If stream_options.include_usage is true (the default), the final chunk before [DONE] includes a usage field with token counts.

Examples

curl:

curl -X POST https://your-domain/v1/chat/completions \
  -H "Authorization: Bearer YOUR_API_KEY" \
  -H "Content-Type: application/json" \
  -d '{
    "model": "claude-sonnet-4-20250514",
    "messages": [
      {"role": "system", "content": "You are a helpful assistant."},
      {"role": "user", "content": "What is the capital of France?"}
    ],
    "max_tokens": 100
  }'

curl (streaming):

curl -X POST https://your-domain/v1/chat/completions \
  -H "Authorization: Bearer YOUR_API_KEY" \
  -H "Content-Type: application/json" \
  -d '{
    "model": "claude-sonnet-4-20250514",
    "messages": [
      {"role": "user", "content": "Write a haiku about programming."}
    ],
    "stream": true
  }'

Python (openai library):

from openai import OpenAI

client = OpenAI(
    base_url="https://your-domain/v1",
    api_key="YOUR_API_KEY",
)

# Non-streaming
response = client.chat.completions.create(
    model="claude-sonnet-4-20250514",
    messages=[
        {"role": "system", "content": "You are a helpful assistant."},
        {"role": "user", "content": "What is the capital of France?"},
    ],
    max_tokens=100,
)
print(response.choices[0].message.content)

# Streaming
stream = client.chat.completions.create(
    model="claude-sonnet-4-20250514",
    messages=[{"role": "user", "content": "Write a haiku about programming."}],
    stream=True,
)
for chunk in stream:
    if chunk.choices[0].delta.content:
        print(chunk.choices[0].delta.content, end="")

Node.js (openai library):

import OpenAI from "openai";

const client = new OpenAI({
  baseURL: "https://your-domain/v1",
  apiKey: "YOUR_API_KEY",
});

// Non-streaming
const response = await client.chat.completions.create({
  model: "claude-sonnet-4-20250514",
  messages: [
    { role: "system", content: "You are a helpful assistant." },
    { role: "user", content: "What is the capital of France?" },
  ],
  max_tokens: 100,
});
console.log(response.choices[0].message.content);

// Streaming
const stream = await client.chat.completions.create({
  model: "claude-sonnet-4-20250514",
  messages: [{ role: "user", content: "Write a haiku about programming." }],
  stream: true,
});
for await (const chunk of stream) {
  process.stdout.write(chunk.choices[0]?.delta?.content || "");
}

POST /v1/messages

Anthropic-compatible messages endpoint.
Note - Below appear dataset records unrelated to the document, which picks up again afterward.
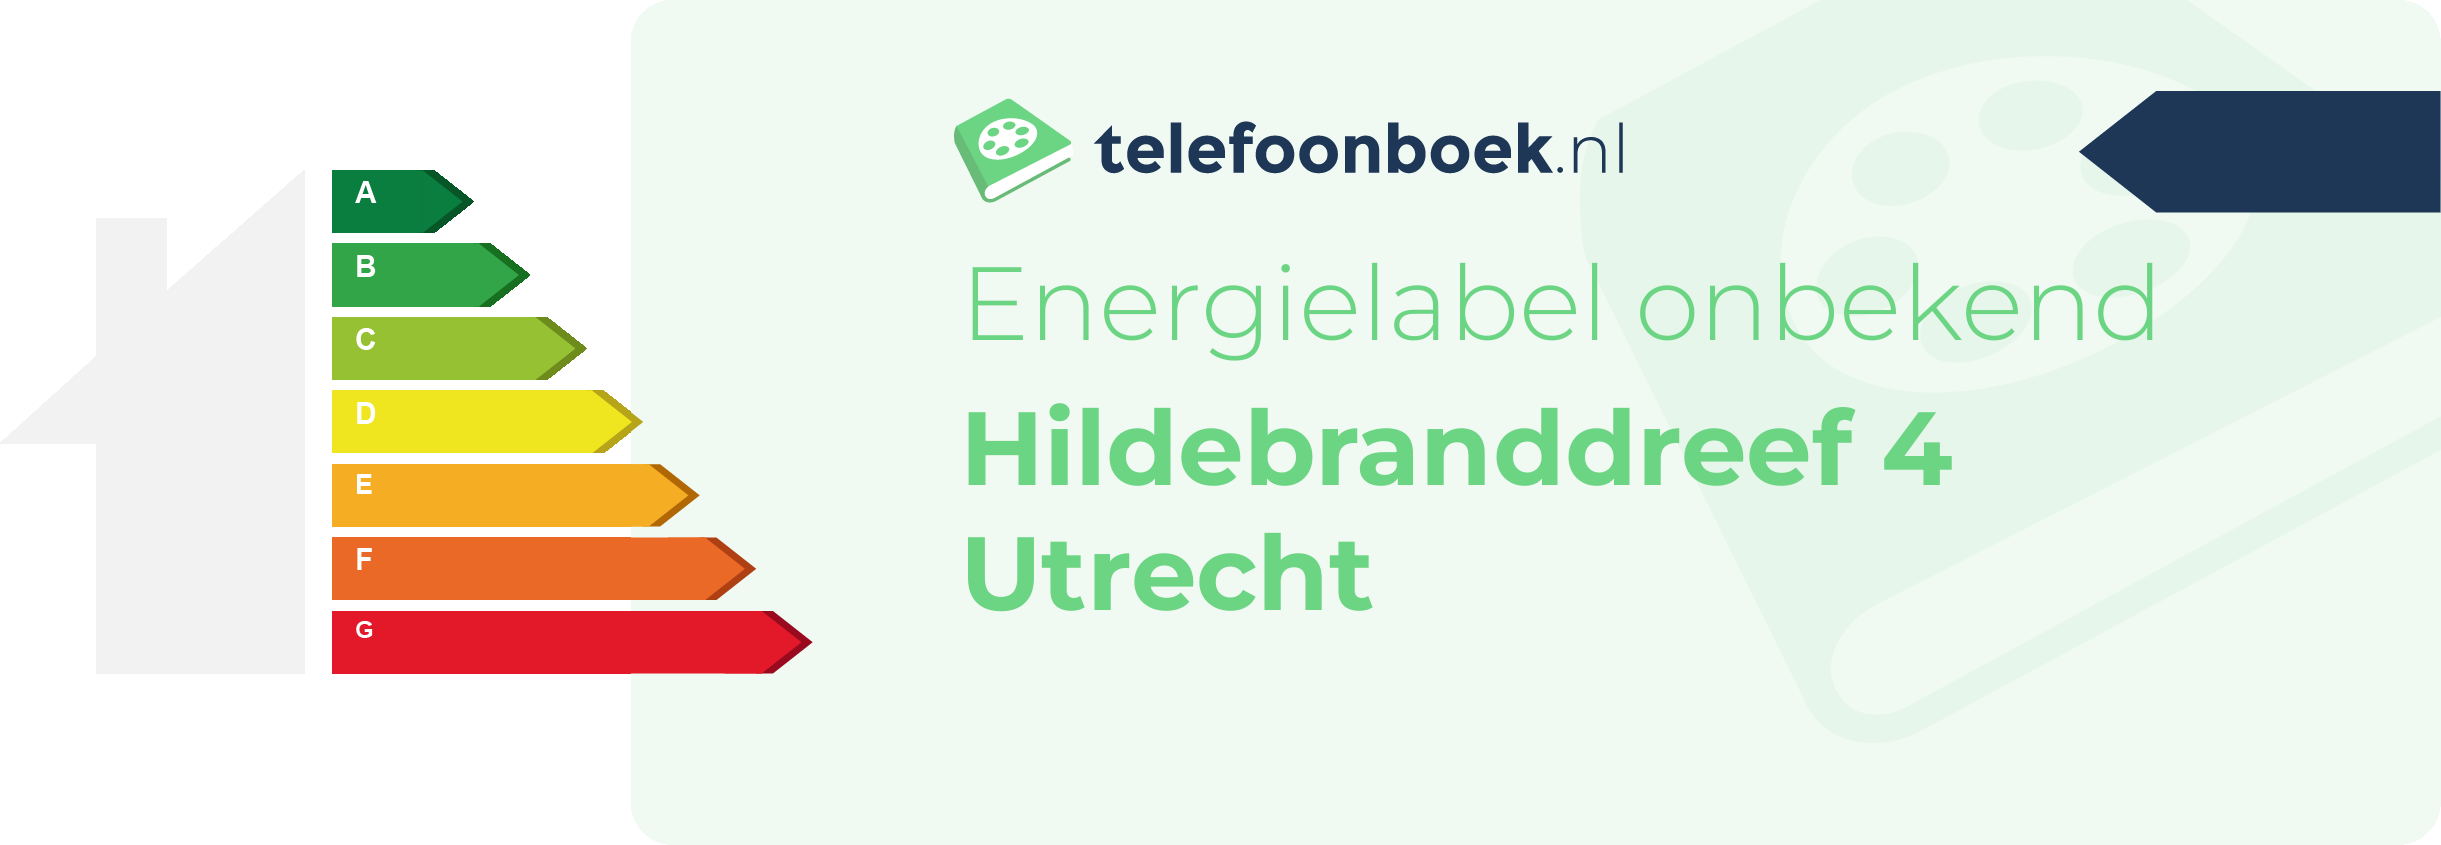 Energielabel Hildebranddreef 4 Utrecht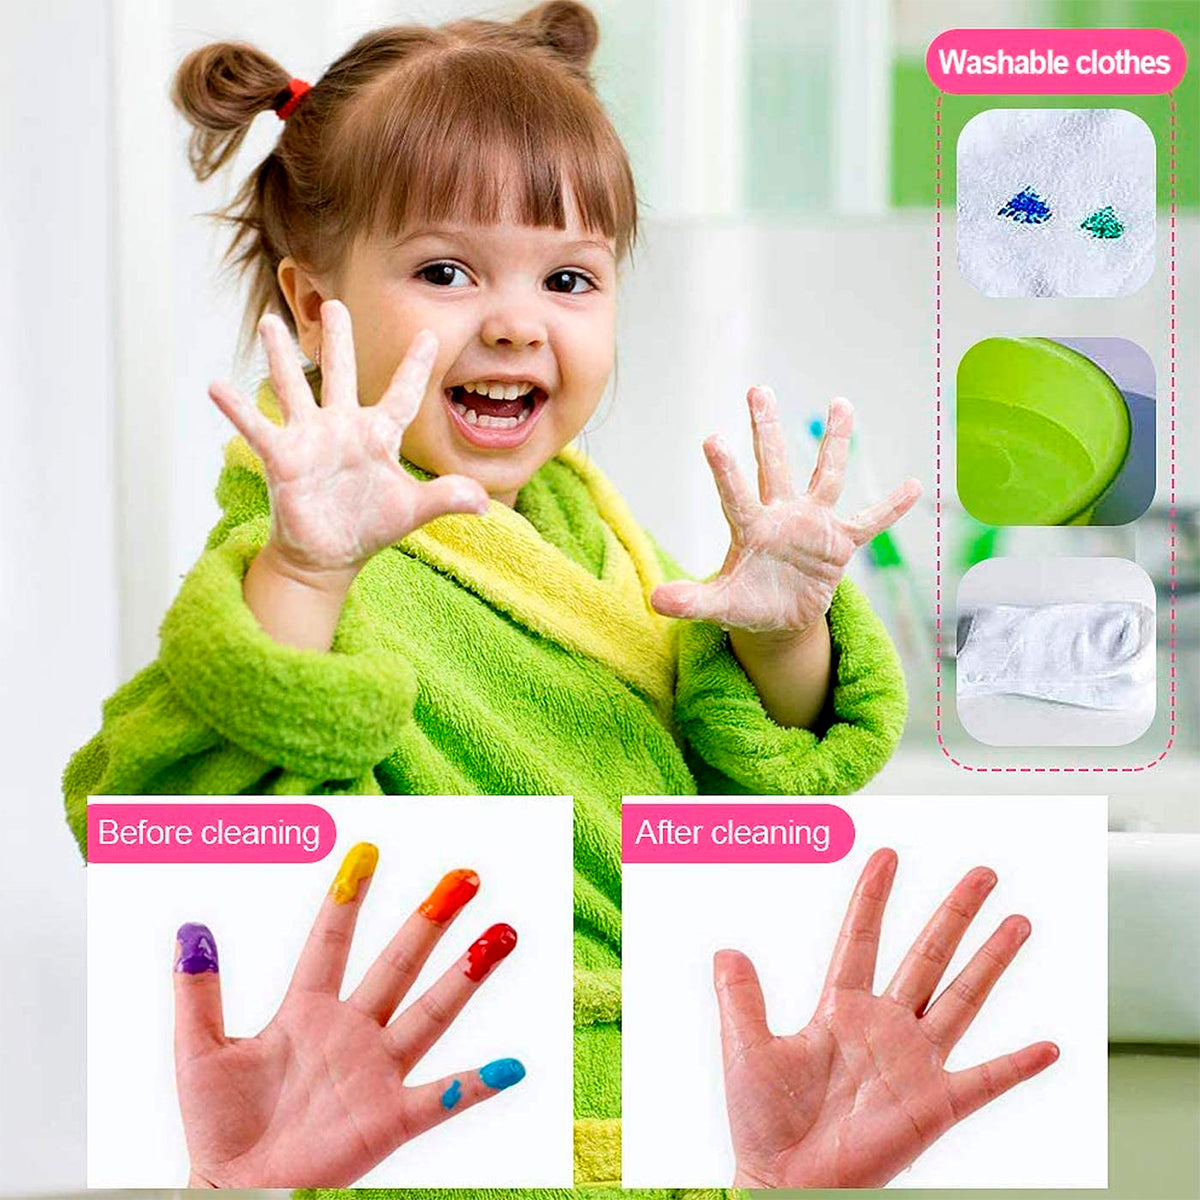 CARIOCA Baby - Pintura a Dedos Super Lavable 8 Colores Surtidos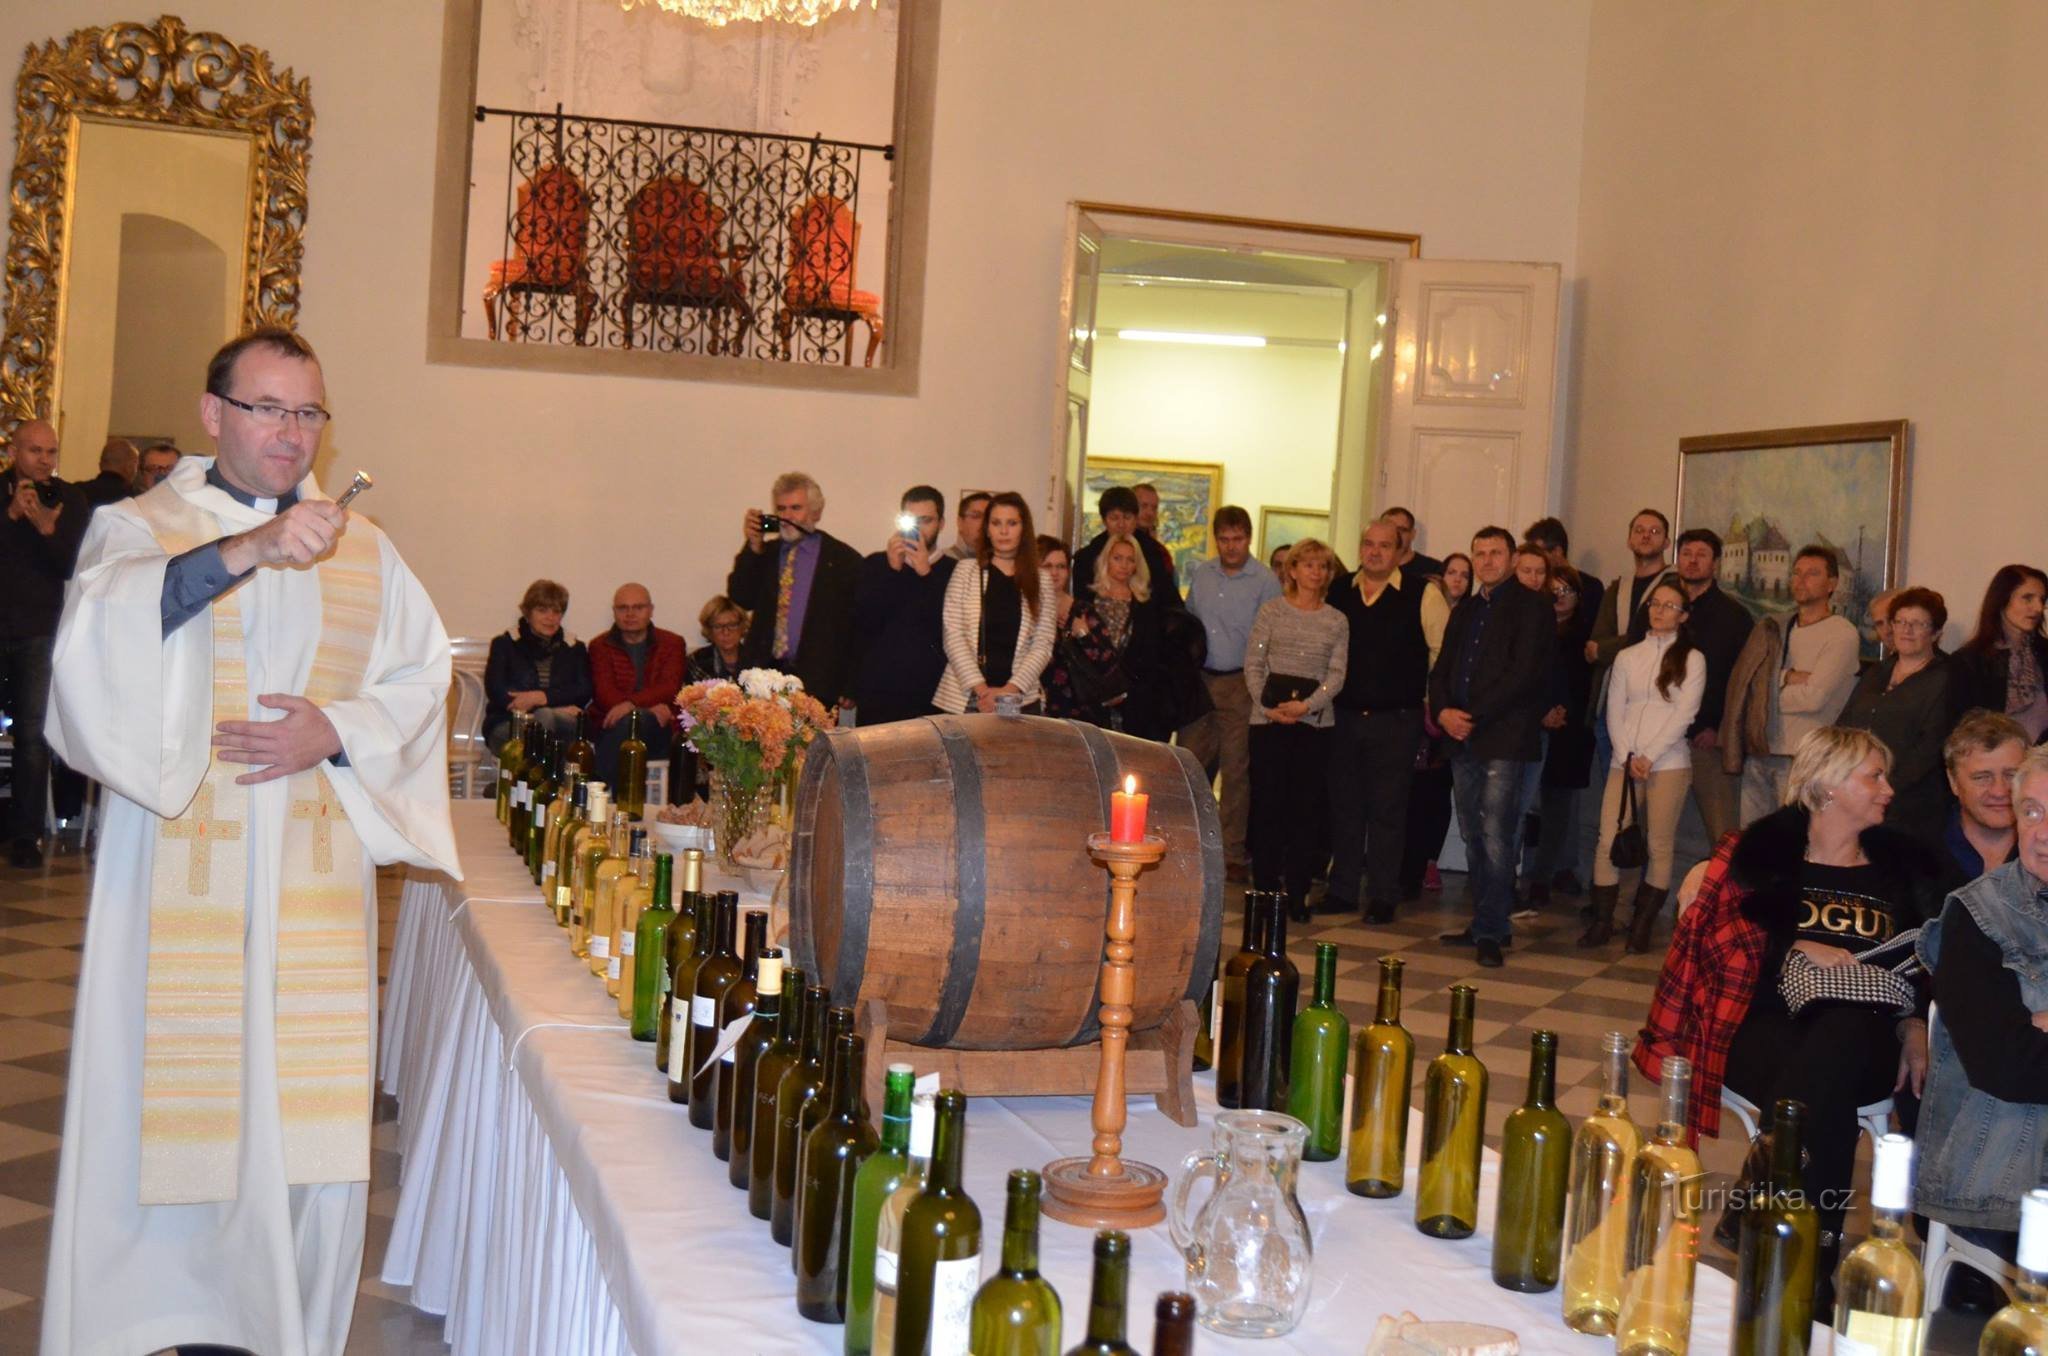 Svatomartinský Mikulov kutsuu hanhierikoisuuksiin, nuoriin viineihin ja suureen osaan kulttuuria

Supports both streaming and non-streaming responses. Requires API key authentication.

Request Headers

Header	Required	Description
`x-api-key` or `Authorization: Bearer`	Yes	Your per-user API key.
`anthropic-version`	No	API version string (e.g. `2023-06-01`). Accepted for compatibility logging but not enforced.
`Content-Type`	Yes	Must be `application/json`.

Request Body

Field	Type	Required	Description
`model`	string	Yes	Model name or alias.
`messages`	array	Yes	Array of message objects. Must not be empty.
`max_tokens`	integer	Yes	Maximum tokens to generate. Must be positive.
`system`	string or array	No	System prompt. Can be a string or array of content blocks with optional `cache_control`.
`stream`	boolean	No	Whether to stream the response. Default: `false`.
`temperature`	float	No	Sampling temperature (0.0–1.0).
`top_p`	float	No	Nucleus sampling parameter.
`top_k`	integer	No	Top-k sampling parameter.
`stop_sequences`	array	No	Custom stop sequences.
`tools`	array	No	Tool definitions for tool use.
`tool_choice`	object	No	Tool choice configuration (`auto`, `any`, or specific tool).
`metadata`	object	No	Request metadata (accepted but not forwarded).

Anthropic Message Object

Field	Type	Required	Description
`role`	string	Yes	Either `user` or `assistant`.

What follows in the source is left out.